Numerical Stability of Residual Gating: \(F_{\mathrm{fused}}=F_v+\tilde{P}_t\cdot(F_m-F_v)\) automatically reverts to pure RGB when confidence is low, acting as a safety valve. This trick is transferable to any fusion scenario with non-uniform modality reliability (e.g., RGB-D, RGB-Event).
Accuracy-Efficiency Win: Doubling down on probabilistic alignment outperformed heavy registration methods with nearly zero extra FLOPs, proving that probabilistic alignment is more efficient than geometric registration.

Limitations & Future Work¶

Reliance on Gaussian/Local Continuity Assumptions: When misalignment is extreme or semantic content is entirely different (e.g., thermal completely fails on a false target), reliable overlap in latent space may not exist. The impact of misalignment magnitude on performance was not quantified.
Ablation Data Uncertainty: Precise drop magnitudes for modules could not be verified due to data discrepancies in the source, relying instead on qualitative conclusions.
Large Parameter Count: 217.6M parameters (mostly from Swin-B) is still heavy for edge/UAV deployment. Light-weight backbones combined with probabilistic alignment should be explored.
Generalizability: While the philosophy is general, it was only validated on RGB-T SOD, not on other unaligned tasks like RGB-T object detection or semantic segmentation.

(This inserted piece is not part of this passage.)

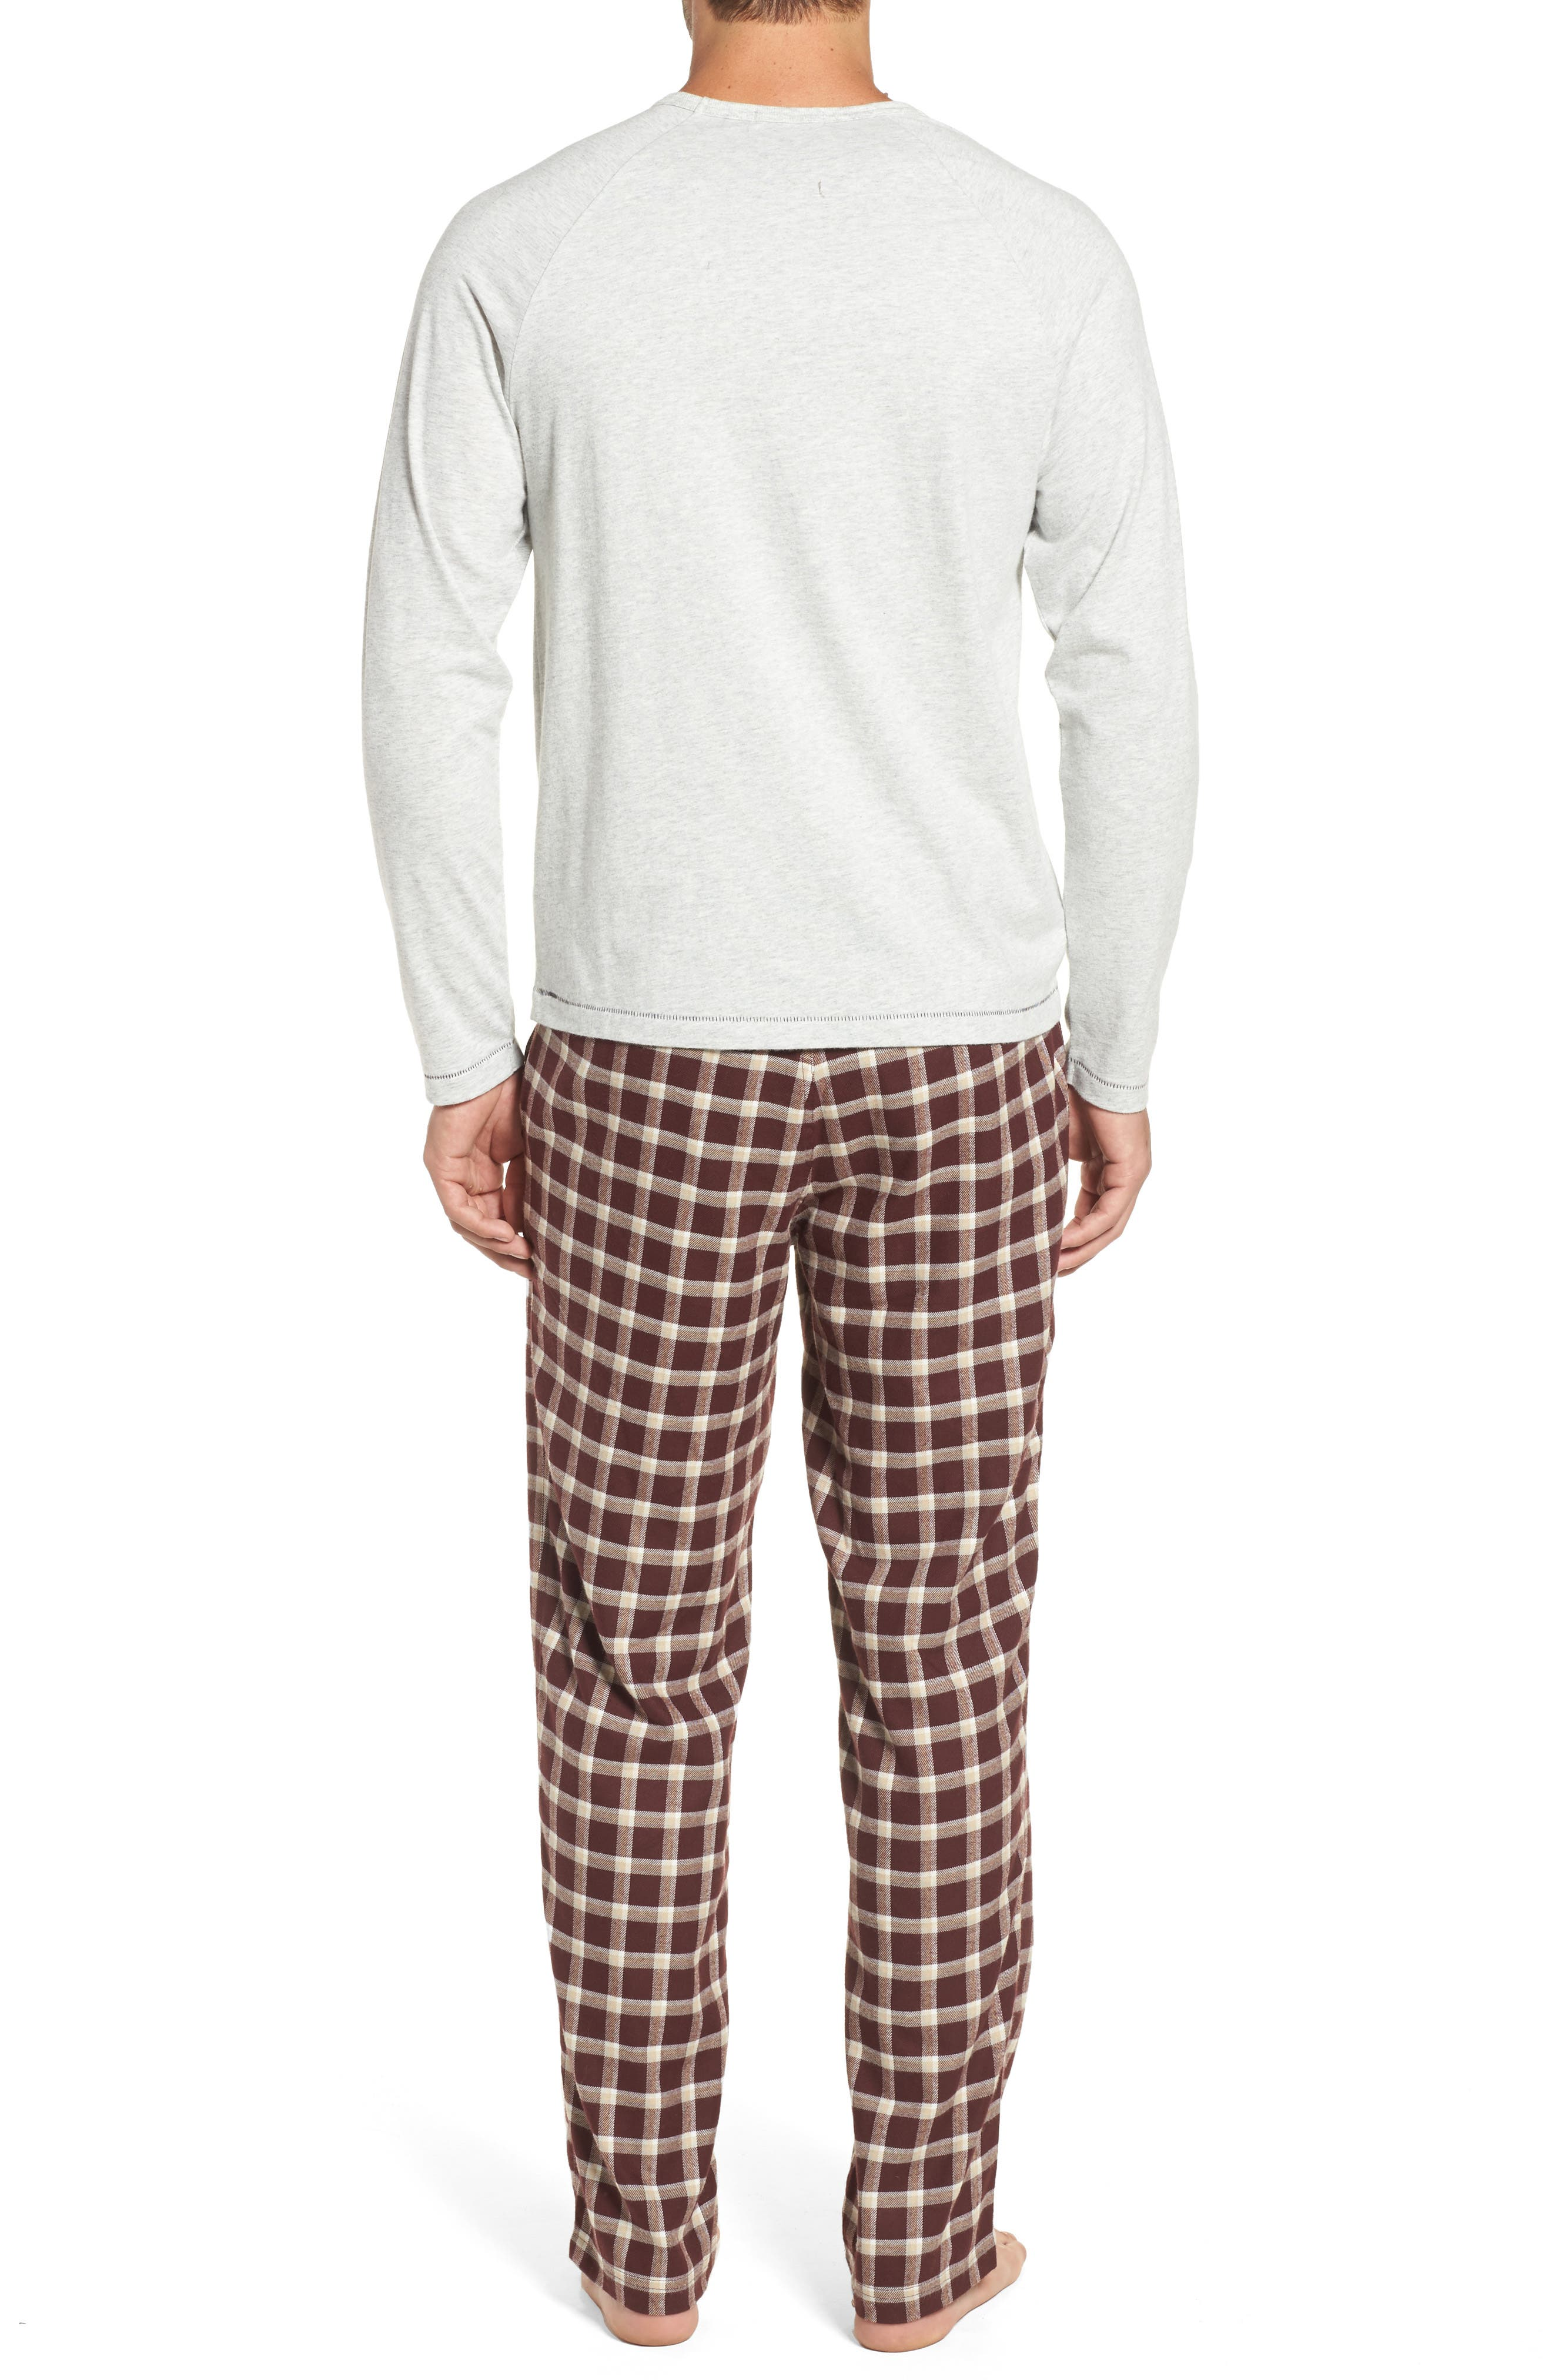 Steiner Pajama Set,                             Alternate thumbnail 6, color,

vs. Explicit Geometric Registration (DCNet / SACNet / PCNet etc.): These use affine prediction or deformable convolutions for coordinate alignment, which are computationally heavy and sensitive to parallax. UMFNet skips geometric registration entirely, using implicit alignment via distribution overlap, proving faster and more stable.
vs. Attention Soft Alignment / Cross-modal Fusion: Traditional attention assumes thermal features are equally reliable everywhere. CGM uses uncertainty-derived confidence maps for regional gating, solving the problem of "non-uniform pixel-level reliability" that soft alignment often ignores.
vs. Uncertainty Representation Learning: This work applies VAE-style tools (Gaussian latent variables, reparameterization, KL regularization) specifically to cross-modal alignment. It shows that uncertainty is not just a measure of confidence but can serve as a direct signal for alignment and gating.

Rating¶

Novelty: ⭐⭐⭐⭐⭐ "Implicit alignment via distribution overlap" reformulates the unaligned fusion paradigm elegantly.
Experimental Thoroughness: ⭐⭐⭐⭐☆ Solid results across 8 benchmarks and 12 SOTA methods, though ablation data discrepancies are a minor issue.
Writing Quality: ⭐⭐⭐⭐☆ Clear motivation, complete formulas, and highly readable (though dense) architecture diagrams.
Value: ⭐⭐⭐⭐⭐ Surpassing heavy registration methods with zero extra cost and providing a transferable residual confidence gate makes this highly practical.